About this task: Reproduce the material below only from the line with "ゾーンぜいたく申請者TATTOO GOO タトゥー&ボディピアス専用アフターケア" to the line with "电影《姜子牙》延长上映至12月2日图片", both included, keeping each line exact and dropping the pictures.

Task data:

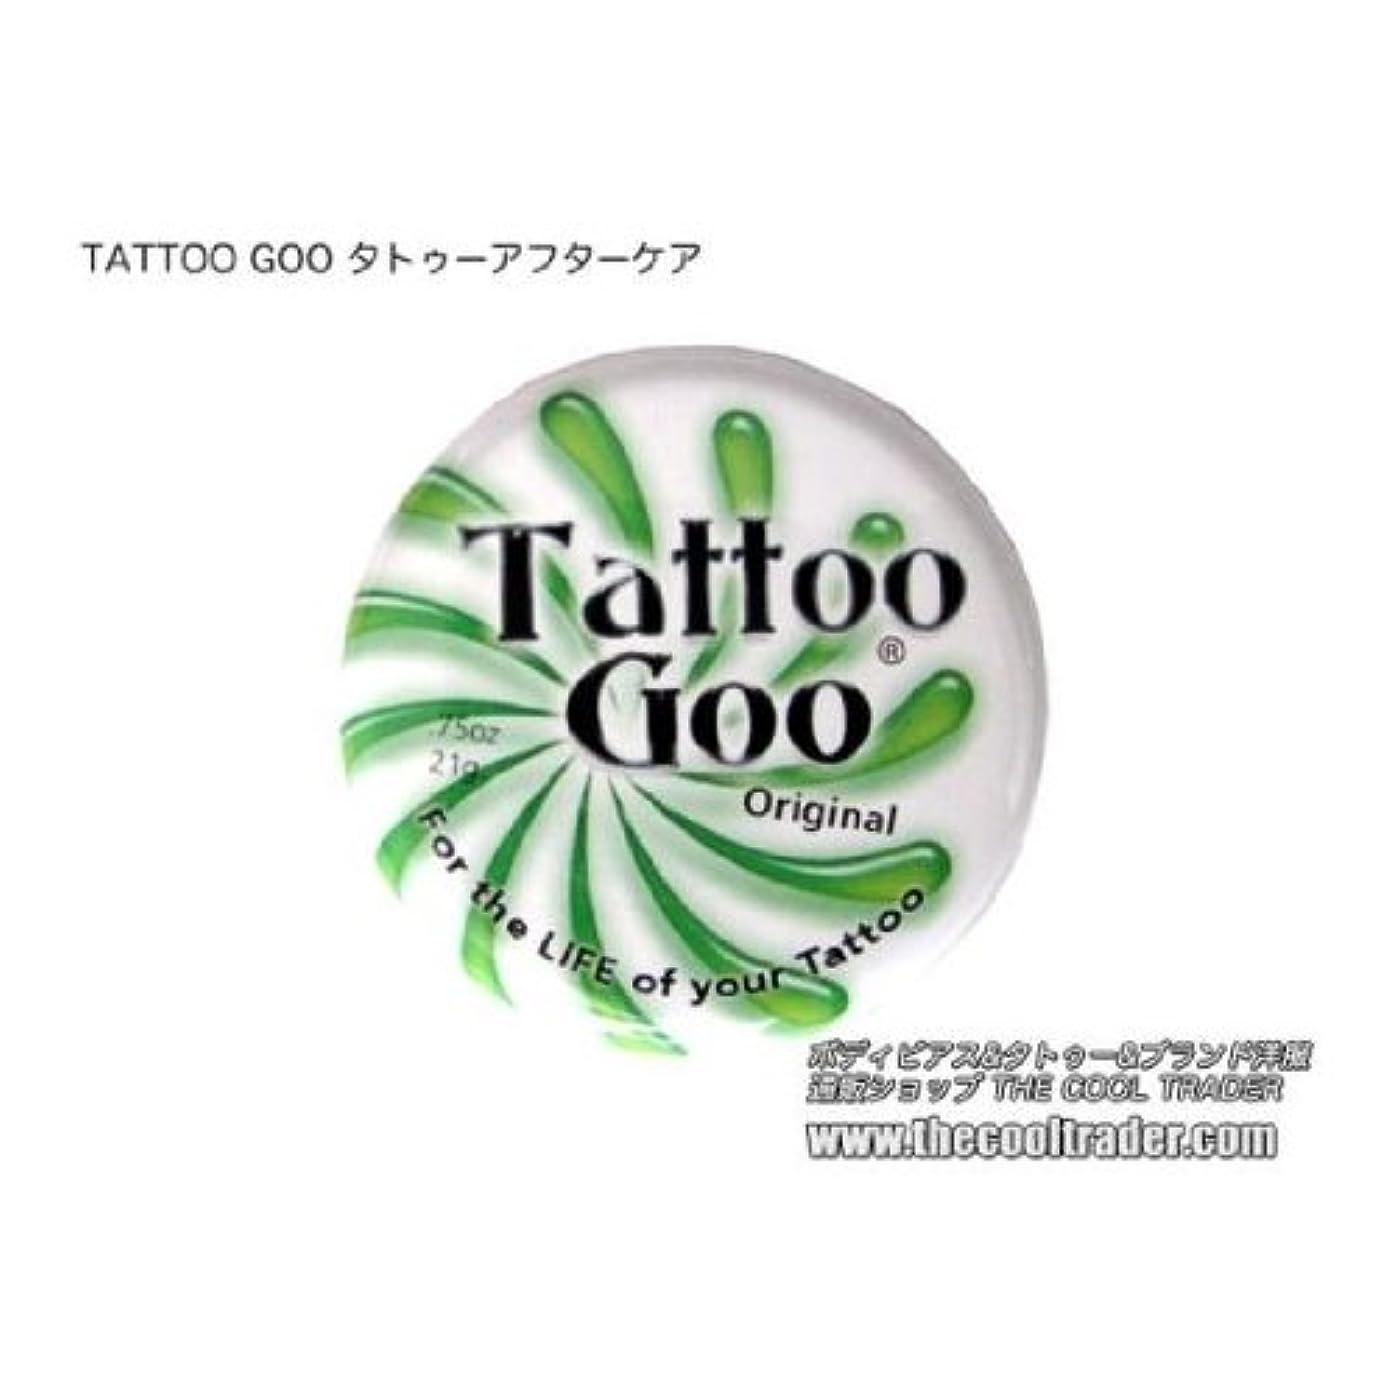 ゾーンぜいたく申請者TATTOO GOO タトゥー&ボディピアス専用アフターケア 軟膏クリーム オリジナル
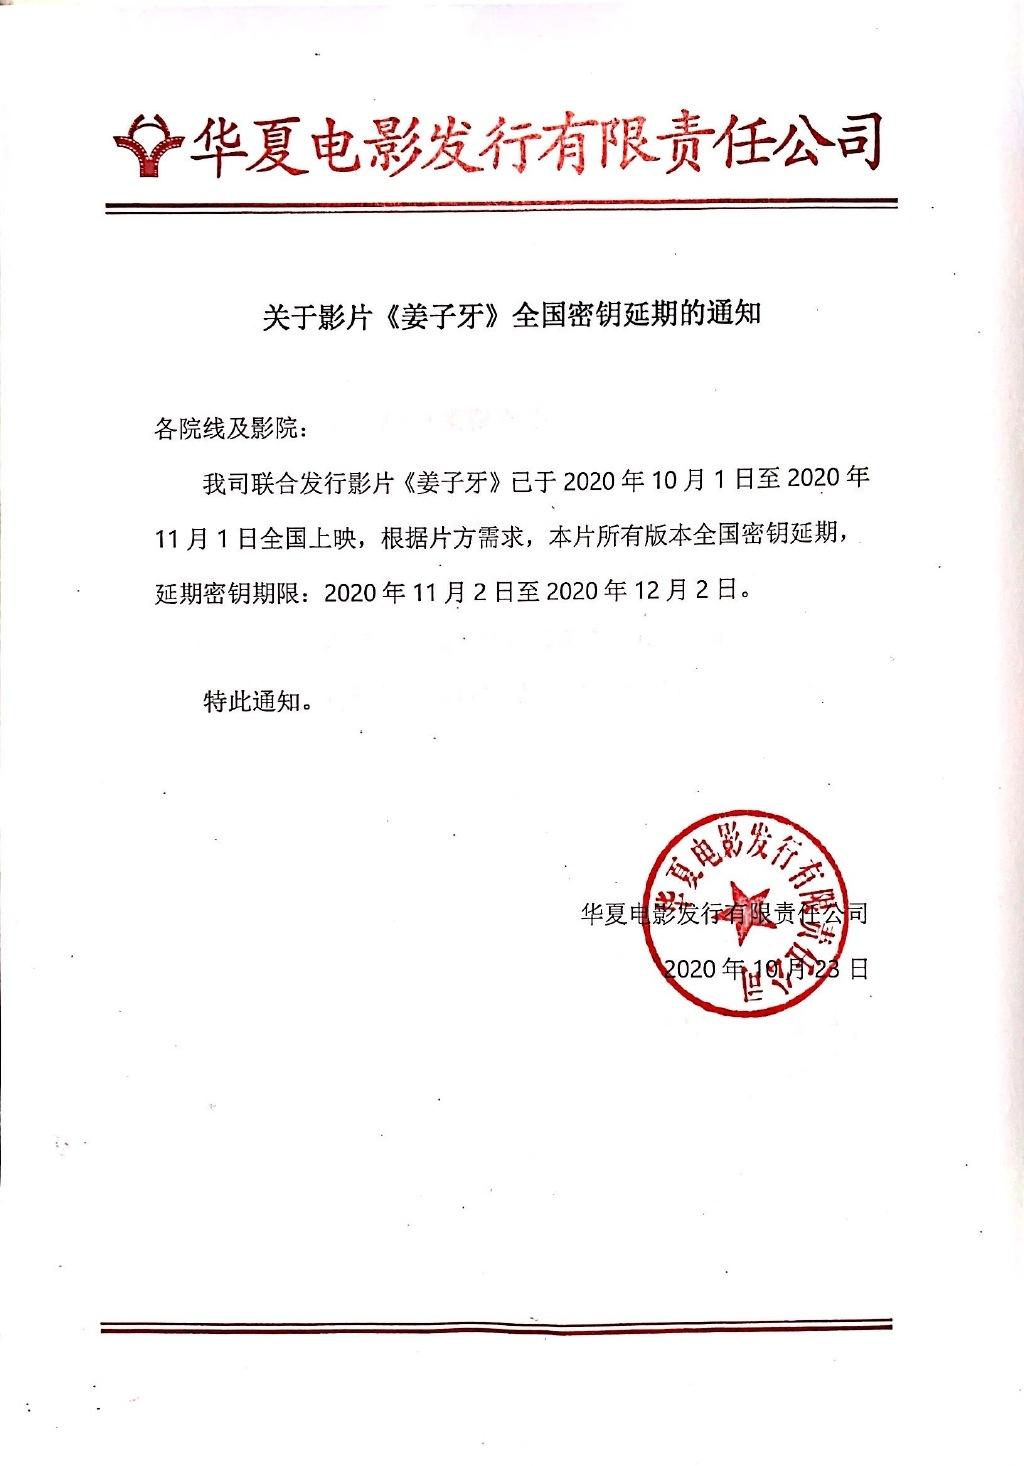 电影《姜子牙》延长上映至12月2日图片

* * *

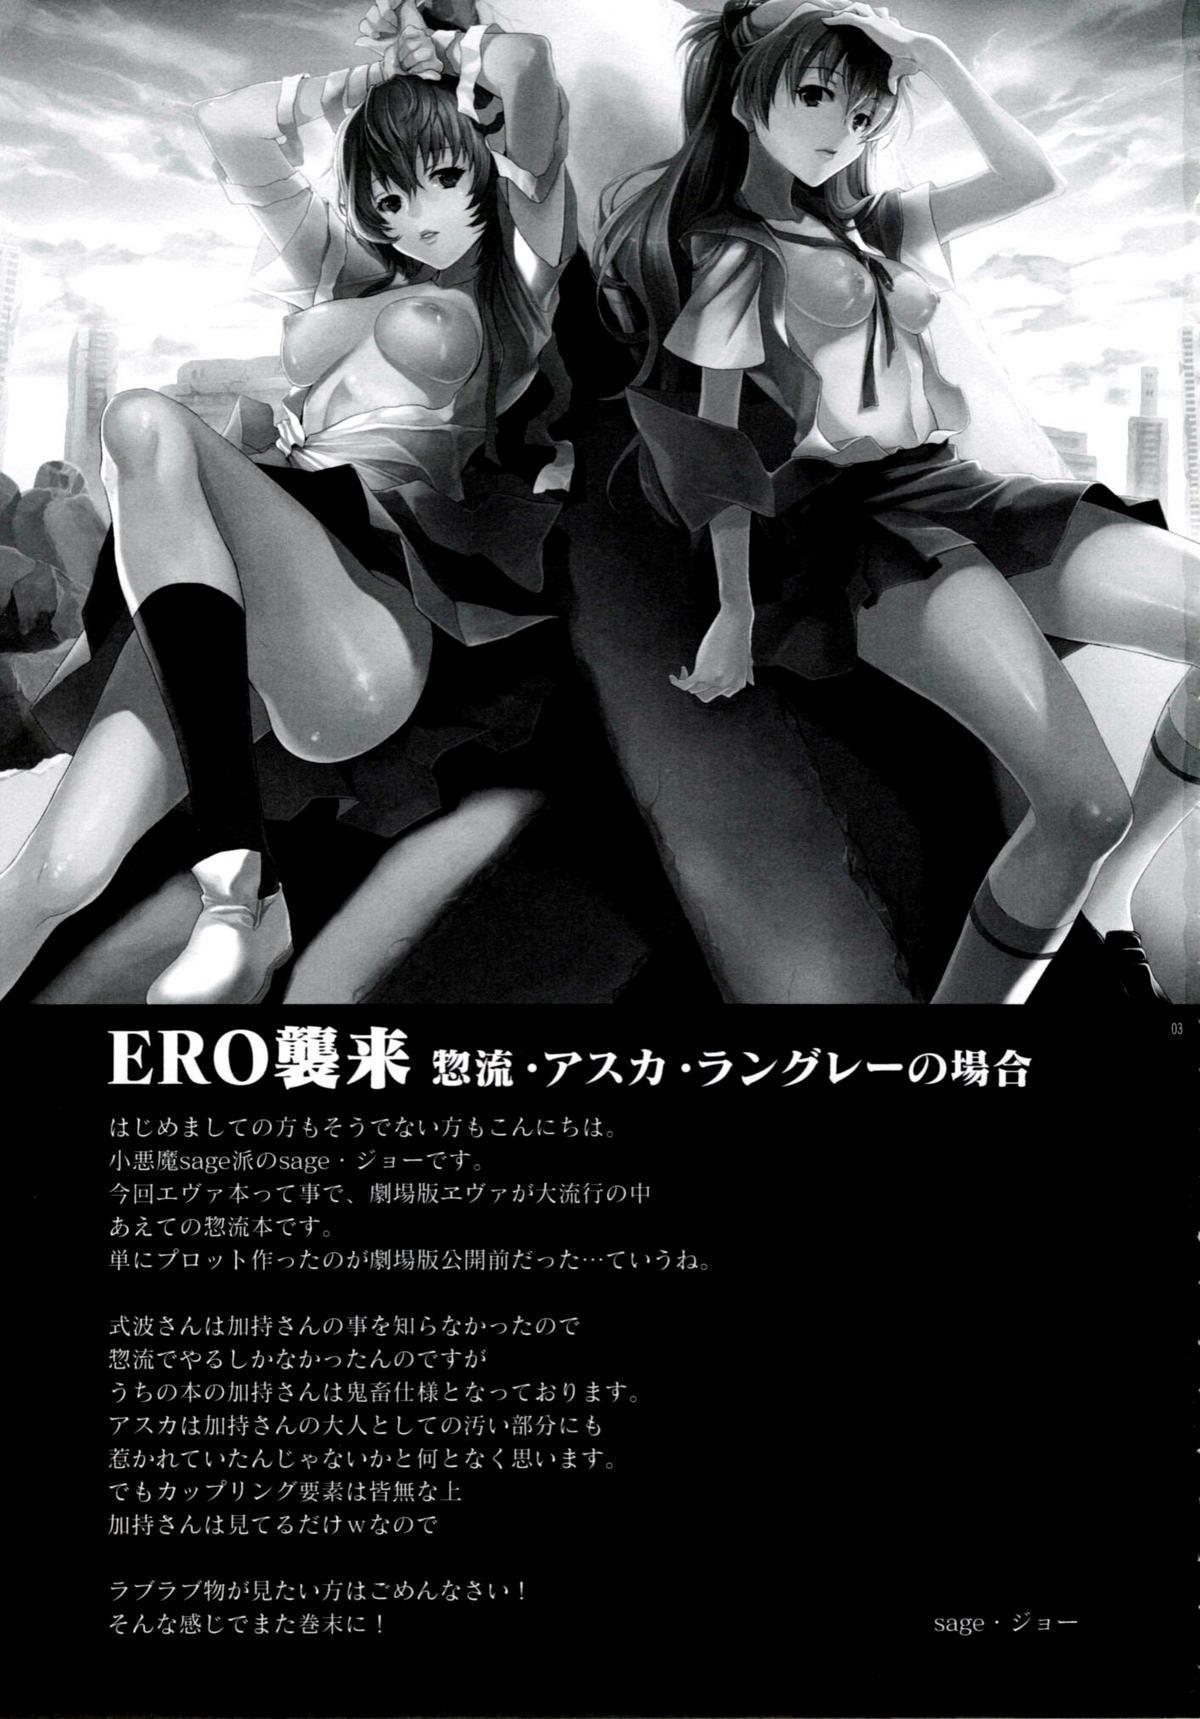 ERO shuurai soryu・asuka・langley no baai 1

Expected answer:
 ゾーンぜいたく申請者TATTOO GOO タトゥー&ボディピアス専用アフターケア 軟膏クリーム オリジナル
 电影《姜子牙》延长上映至12月2日图片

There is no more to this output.